Continous update


Hello, I’m trying to understand the differences between data fetching methods. I was wondering about data loss during connection interruptions either by net failure or by reaching limits of account.

Supose I would like to have my fitered data really up to date. Using a streaming connection with a websocket, when I resume a streaming line after a pause, will I lose those interactions in between the start of the pause and the begining of the resume? Will those interactions be buffered for a moment?

Should I use pushing method for this instead of streaming?



Your two options are either using the Live Streaming API, or Push Delivery.

The Live Streaming API is as close to real-time delivery as you can get, though it is not fault tolerant - in a case where your connection becomes interrupted and is dropped - any interactions generated between your connection dropping, and you reconnecting will be lost. 

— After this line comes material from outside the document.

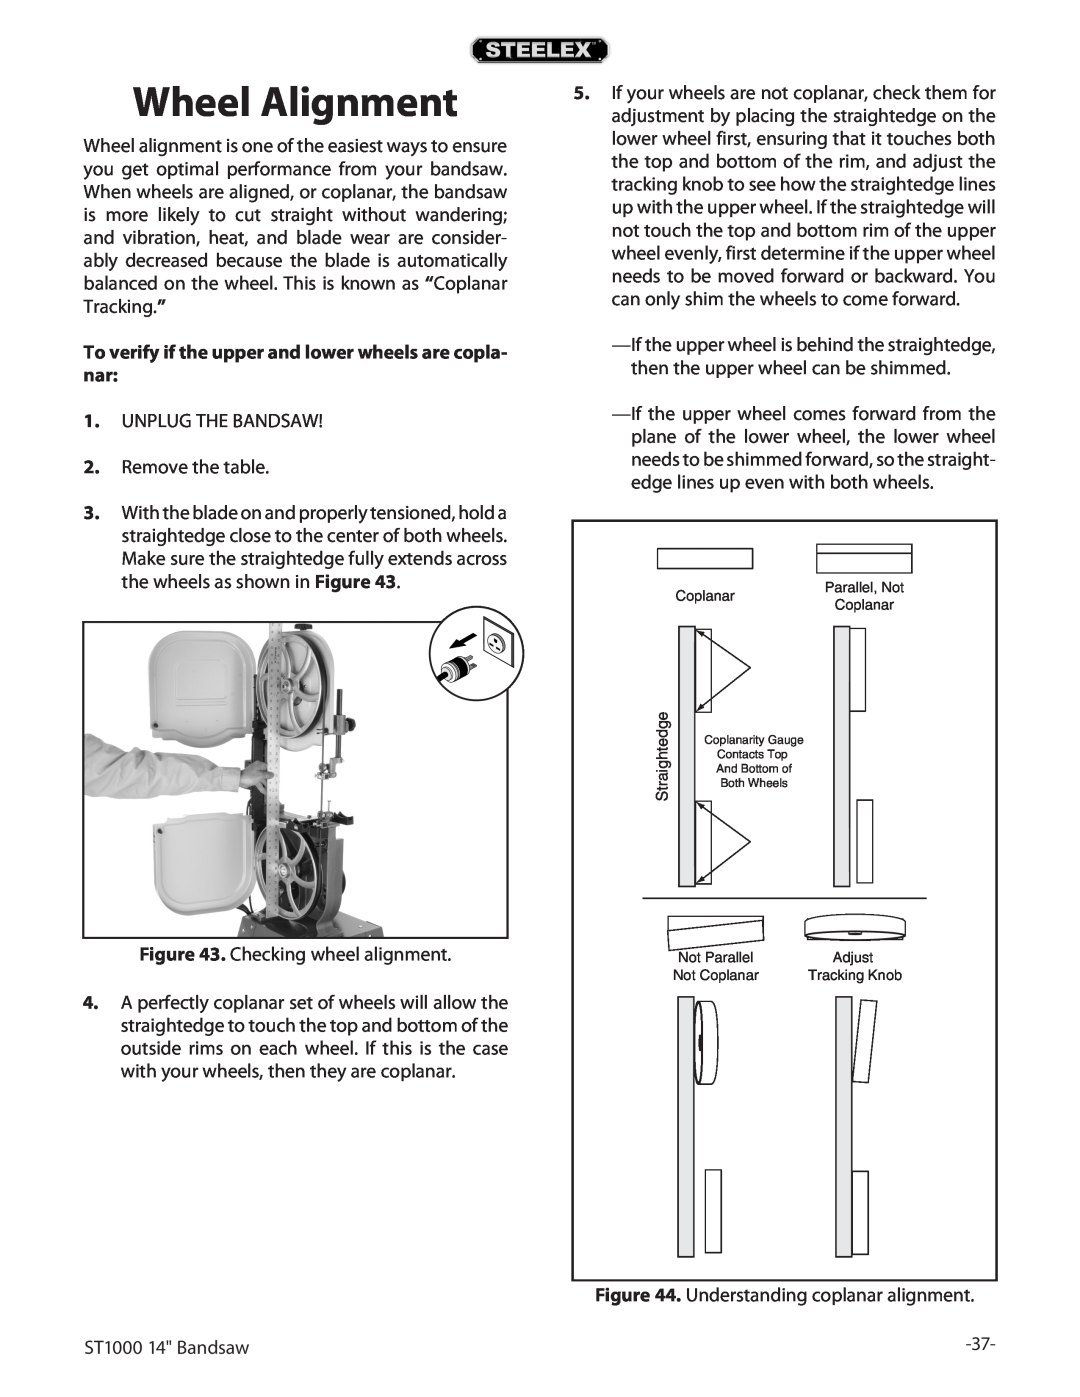 Woodstock ST1000 owner manual Wheel Alignment, To verify if the upper and lower wheels are copla- nar

Push Delivery is the preferred delivery method. You can set your delivery frequency to '0' for continuous delivery - this typically gives you at most a couple of seconds latency over using the Live Streaming API. Unlike the Streaming API, Push delivery is fault tolerant - DataSift will buffer you data for at least an hour before it is discarded, so if you are unable to receive data for a few minutes, or you need to take your endpoint down for maintenance, it's not a problem! DataSift will simply keep trying to send your data until your endpoint is in a state where it can accept data again. We also offer the ability to push your data straight into a number of different endpoints, including custom HTTP endpoints, (S)FTP, S3, MongoDB, and many more.


Thank you, it is more clear now. One thing though, data destination seems to be optional, when it is not specified, the data is pushed over a pull connection? Also, the websocket endpoint, is it only for live streaming or can be combined to use push?


When you create a new Push Subscription, you must specify where you want your data to be pushed to. This can either be some specific endpoint, such as a MongoDB instance, or an S3 bucket, or you can just specify 'pull', and you can pull your data from anywhere you like. 

Regarding the WebSockets Streaming, this is only available for the Live Streaming API - it is currently not possible to Push data over a WebSockets connection.


Thank you, it is clear now.